Sebastian Vandermolen, Marcel van Straten, and Francesca Pugliese
• ‘Dual-source’ CT contains two X-ray sources coupled with two detector arrays mounted at an (approximately) 90-degree angle. Dual-source CT allows doubling of the temporal resolution compared to a single-source system with the same gantry rotation time.
The gantry is the ring-shaped structure that houses the X-ray tube and the detector array.
• In contemporary scanners, the gantry can rotate continuously thanks to (contactless) slip-ring technology. Slip-ring technology allows fast transfer of power and data to and from the gantry without the need of power cables. Power cables would require unwinding every few turns, which would prevent continuous rotation and require reversal of gantry rotation. Cables can be replaced by brush technology that is in permanent electrical contact with the gantry and allows continuous rotation.
• The switch-mode power supply allows construction of a small and light but efficient power supply that can be housed in the gantry while generating very high voltages with limited heat production. In general, this works by converting alternating current (AC) to direct current (DC) using a switch circuit. The DC current is reconverted to AC at a higher frequency.
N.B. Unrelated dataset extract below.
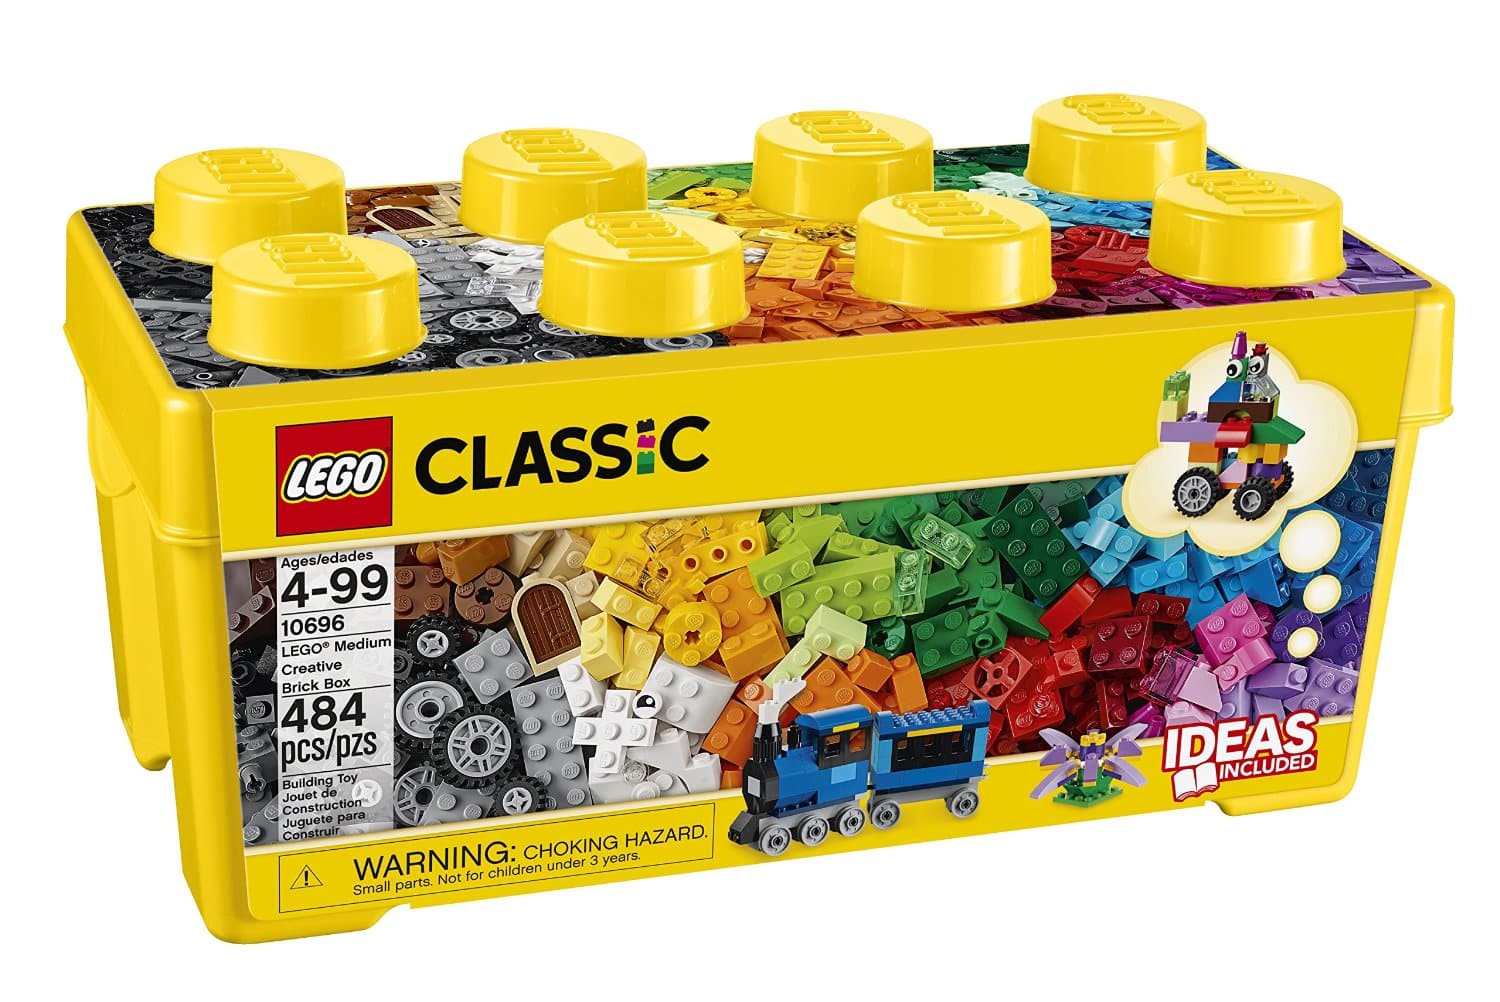 DEAL ALERT: LEGO Classic Medium Creative Brick Box

• The gantry rotation time is a key determinant of temporal resolution, a paramount scanner requirement for cardiac CT (discussed in Chapter 1.2). In a single-source (one X-ray tube) scanner, approximately half a revolution is needed for the acquisition of data required to reconstruct one image (half-scan algorithm). A single-source CT scanner with a rotation time of 300 ms can sample data for one image in 150 ms, which is the temporal resolution of this scanner.
The X-ray tube is the component where X-ray generation occurs (Figure 1.1.1).
• The emitted X-ray beam displays a range of different energies (polychromatic X-ray spectrum), from a few kiloelectron volts (keV) to the nominal value of the applied tube voltage (discussed further in Chapter 1.3, Figure 1.3.1).
• Lower-energy X-rays are removed from the X-ray beam by the tube housing and by filtration: this is because energies at the lower end of the spectrum would otherwise be absorbed by tissue before reaching the detector and would contribute to patient dose but not to image formation.
• When traversing tissue, the intensity of the X-ray beam decreases as X-ray photons interact with atoms (Chapter 1.3). The transmitted intensity depends on the initial intensity, the thickness of the tissue/material traversed, and their linear attenuation coefficient. The latter depends not only on the atomic number of the tissue/material, but also on photon energy and is generally higher at lower energy.